The next problem with price freezes is that they destroy the necessary information that the price system gives about the relative value of goods within the economy. In trying to stop inflation through coercion, Nixon was blinding the American producer and consumer from seeing the true state of the world. prices contain vital information about scarcity, production, and countless things that human analytical tools could not possibly trace. Prices take into account both the realities of nature and the realities of changing human whims. Only if the world were to stop moving and humans to stop thinking, would fixed prices reflect the true state of the world. Rather than just being a tool for commerce, they reflect change more efficiently than anything else humans have created. Prices condense information and make it accessible, so price fixing must provide some solution for this problem before it can be considered to be a viable alternative to the free market, under any circumstances.

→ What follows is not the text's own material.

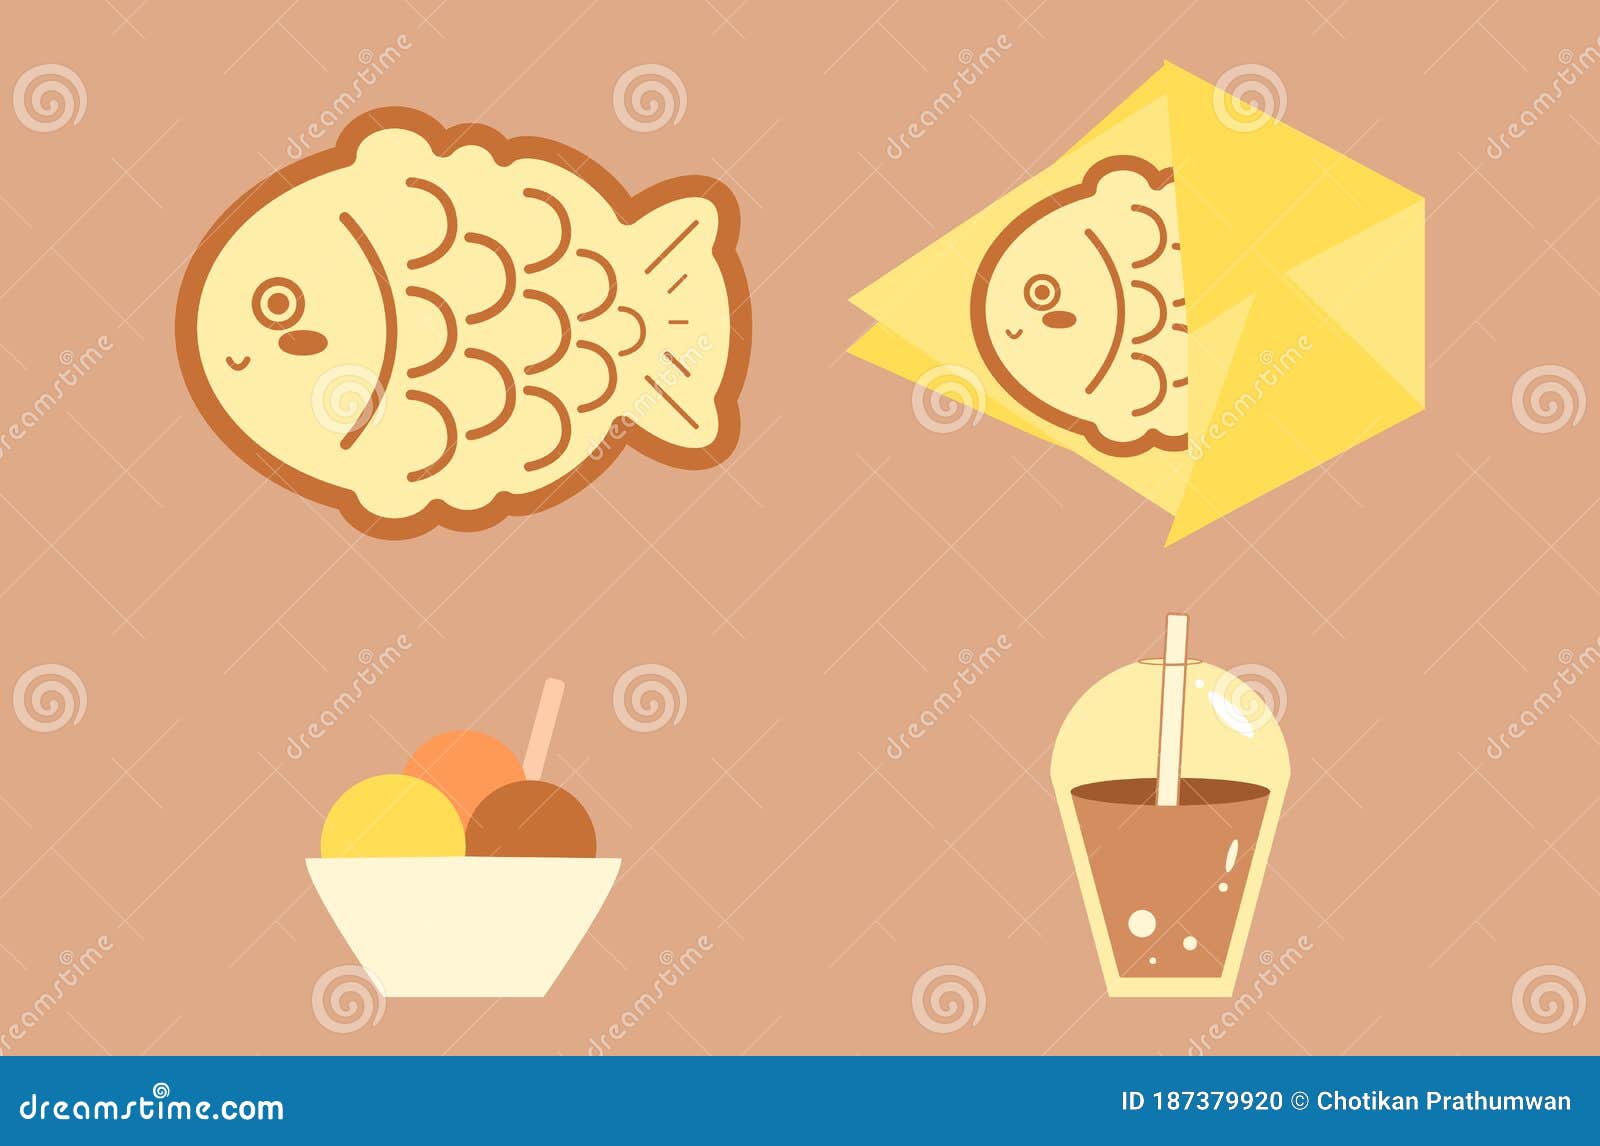 https://thumbs.dreamstime.com/z/fish-shaped-bread-korean-called-bungeoppang-japanese-taiyaki-ice-cream-vanilla-chocolate-orange-cup-drink-glass-187379920.jpg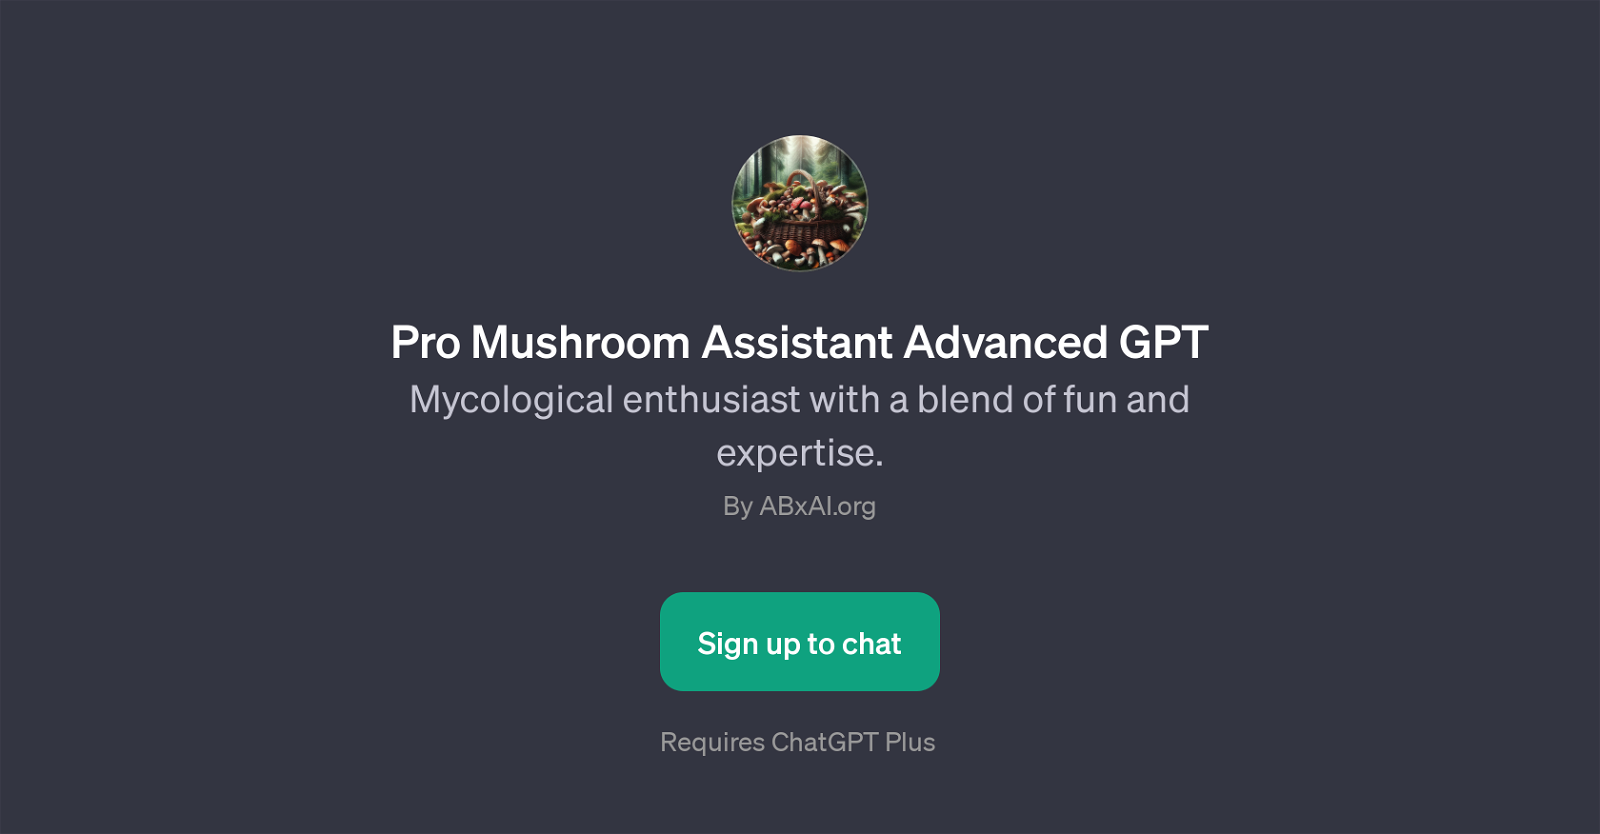 Pro Mushroom Assistant Advanced GPT website

Merely following prices allows us to reward the most efficient, and thus allow them to continue lowering the cost of living for everyone else. It is not often in life that doing the best thing for oneself is automatically the best for other people, but prices allow the system of mutual beneficence to continue. Prices show what humans value, and let us funnel our energy to what we value the most that others are able to provide. Without prices human interaction and growth on a cosmopolitan scale become muted. 

Hazlitt also conjectured another series of concerns for price controls that targeted President Nixon’s clear favoritism. The first problem was the response to lobbying that allowed big companies to be granted permission to raise prices, with no similar avenues for small companies. While the coercive state loves to pretend to destroy inappropriate corporate interests, price controls directly and uniquely benefited only the largest companies. The second problem with Nixon’s enactment of price controls was the way he had divided up the agencies. He had created three agencies to control three different types of prices. Price controls going into effect through a divided system meant that enactment of them was extremely difficult due to a loss of efficiency and increase in coordination time. This inefficiency lays bare the difference  between price controls and the free price system. A bureaucratic slow mess compared to fastly reacting informational transmission points out the weaknesses in all coercive pricing behavior.